**Task objective:** From the line containing "CARHARTT INSULATED 4CAN LUNCH COOLER" to the last line of the records below, retype every line exactly and output nothing else.

Collected data:
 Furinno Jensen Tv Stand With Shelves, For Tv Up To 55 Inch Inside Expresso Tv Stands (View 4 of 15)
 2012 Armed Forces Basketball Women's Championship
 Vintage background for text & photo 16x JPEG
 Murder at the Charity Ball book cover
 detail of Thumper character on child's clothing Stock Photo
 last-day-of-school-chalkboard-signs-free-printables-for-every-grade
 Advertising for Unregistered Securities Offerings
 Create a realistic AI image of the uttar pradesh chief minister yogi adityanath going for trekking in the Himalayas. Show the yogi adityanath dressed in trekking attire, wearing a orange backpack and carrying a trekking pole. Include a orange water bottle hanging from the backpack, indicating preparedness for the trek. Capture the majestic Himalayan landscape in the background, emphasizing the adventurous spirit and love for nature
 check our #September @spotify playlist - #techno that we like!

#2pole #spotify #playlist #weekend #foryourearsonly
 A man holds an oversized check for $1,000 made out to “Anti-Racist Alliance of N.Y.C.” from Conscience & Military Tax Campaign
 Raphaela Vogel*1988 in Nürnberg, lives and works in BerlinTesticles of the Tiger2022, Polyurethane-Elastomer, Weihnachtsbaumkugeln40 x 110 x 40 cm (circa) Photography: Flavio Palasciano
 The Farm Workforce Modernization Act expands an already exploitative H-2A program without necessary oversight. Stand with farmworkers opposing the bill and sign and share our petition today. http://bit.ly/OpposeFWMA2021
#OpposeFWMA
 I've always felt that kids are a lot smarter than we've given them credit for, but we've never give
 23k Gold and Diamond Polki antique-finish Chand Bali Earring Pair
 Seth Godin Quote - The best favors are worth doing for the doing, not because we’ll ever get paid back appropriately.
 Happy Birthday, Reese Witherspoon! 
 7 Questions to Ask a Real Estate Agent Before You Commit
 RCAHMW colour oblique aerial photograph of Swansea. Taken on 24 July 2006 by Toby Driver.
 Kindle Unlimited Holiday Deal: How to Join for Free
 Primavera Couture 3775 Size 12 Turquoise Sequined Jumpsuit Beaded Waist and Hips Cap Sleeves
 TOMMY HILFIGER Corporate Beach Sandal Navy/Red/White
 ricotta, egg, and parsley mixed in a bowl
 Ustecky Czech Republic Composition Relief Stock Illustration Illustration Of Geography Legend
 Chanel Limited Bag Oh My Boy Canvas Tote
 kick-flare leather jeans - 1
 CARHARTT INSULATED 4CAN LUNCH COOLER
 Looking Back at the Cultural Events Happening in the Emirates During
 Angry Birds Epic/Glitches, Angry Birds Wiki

**Exercise output:**
 CARHARTT INSULATED 4CAN LUNCH COOLER
 Looking Back at the Cultural Events Happening in the Emirates During
 Angry Birds Epic/Glitches, Angry Birds Wiki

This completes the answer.